Vistos, relatados e discutidos estes autos de apelação criminal n.º 211715-7, de Bandeirantes, Vara Criminal, em que é apelante Francisco Donizete de Souza e apelado, Ministério Público.
Exposição
1. Francisco Donizete de Souza foi denunciado pelo Ministério Público, perante a Vara Criminal de Bandeirantes, como incurso nas sanções do artigo 213, c.c. artigo 214, c.c. artigo 71 do Código Penal, observando-se o aumento de pena previsto no art. 226, inc. II, do Código Penal, bem como o disposto no artigo 69 do mesmo Codex, pela prática dos seguintes fatos delituosos (f. 2):
"Que em datas não definidas, no mês de maio de 1998, na residência do denunciado sita à Rua 05, 432, Vila Lordani, neste Município e Comarca, FRANCISCO DONIZETE DE SOUZA, ciente da ilicitude e reprovabilidade de sua conduta, visando a satisfação da concupiscência, por várias vezes, constrangeu sua enteada FABIANA GONÇALVES, de apenas 11 anos de idade (doc. de fls. 005), mediante o emprego de grave ameaça contra a vida da pequena criança, utilizando-se de um facão, a praticar com o mesmo relação sexual, desvirginando-a, conforme laudo de exame de conjunção carnal de fls. 007 e verso. Ainda, na mesma época, por várias vezes, também com emprego de ameaça, constrangeu a vítima FABIANA GONÇALVES à prática de coito anal, portanto, ato libidinoso diverso da conjunção carnal. Que o denunciado, em certas oportunidades, mantinha relações sexuais com FABIANA e a mãe desta MARILDA PRONA VILAR, na mesma cama, mediante ameaças de morte e a ambas".
1.1. Recebida a denúncia em 19/10/1999 (f. 30), o réu foi citado (fs. 38-38v.) e interrogado (fs. 39-40), praticando-se os demais atos do procedimento, com defesa prévia (f. 43), inquirição de três testemunhas arroladas pelo Ministério Público (fs. 52-54) e três testemunhas arroladas pela defesa (fs. 60-62), observância do artigo 499 do CPP (f. 63), alegações finais pelo Ministério Público (fs. 70-74) e pela defesa (fs. 76-86) e sentença (fs. 89-99), que condenou o réu como incurso nas sanções dos artigos 213 e 214, c.c. os artigos 226, inc. II, artigos 69 e 71, todos do Código Penal brasileiro e artigos 1.º, incs. V e VI, e 2.º, § 1.º, da Lei n.º 8.072/90, à pena de 19 (dezenove) anos, 08 (oito) meses e 07 (sete) dias de reclusão em regime fechado.
1.2. É contra esse respeitável provimento jurisdicional que se insurge o réu, sem recurso do Ministério Público.

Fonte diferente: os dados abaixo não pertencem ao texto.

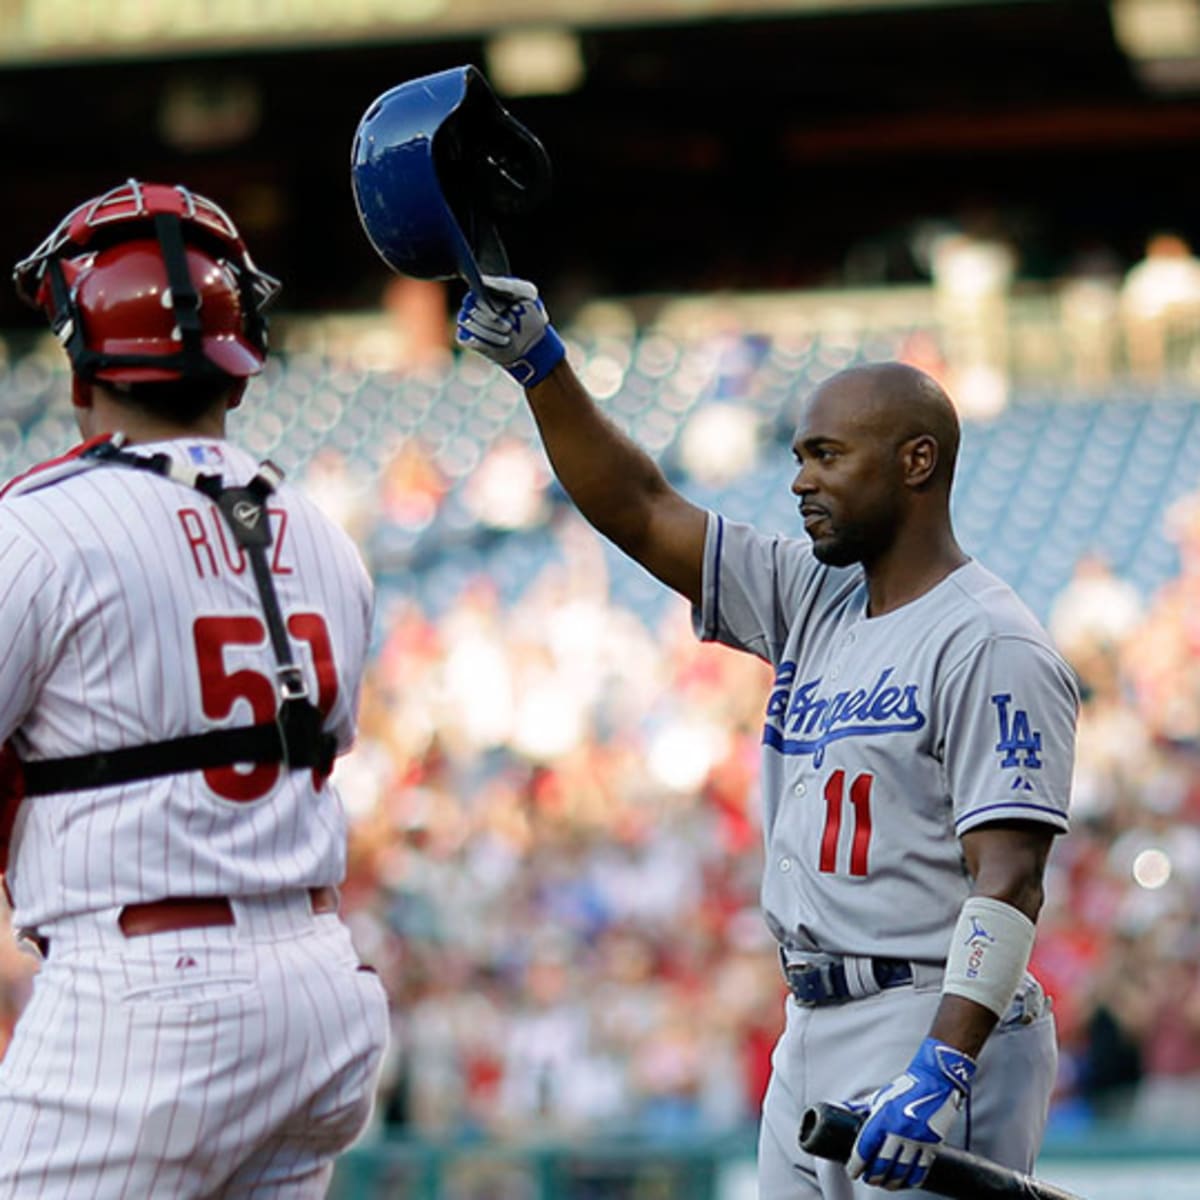 Video: Jimmy Rollins gets standing ovation in return to

1.3. Em suas razões (fs.110-128), argumenta, em resumo, (i) que não existem provas suficientes para embasar um decreto condenatório, devendo, portanto, ser absolvido, ou (ii) ser extinta a sua punibilidade, vez que a vítima está convivendo maritalmente com terceiro.
Voto
2. O recurso merece conhecimento, na medida em que estão presentes os pressupostos de admissibilidade recursal, assim os intrínsecos (cabimento, legitimação e interesse em recorrer), como os extrínsecos (tempestividade, regularidade formal e inexistência de fato impeditivo ou extintivo do poder de recorrer).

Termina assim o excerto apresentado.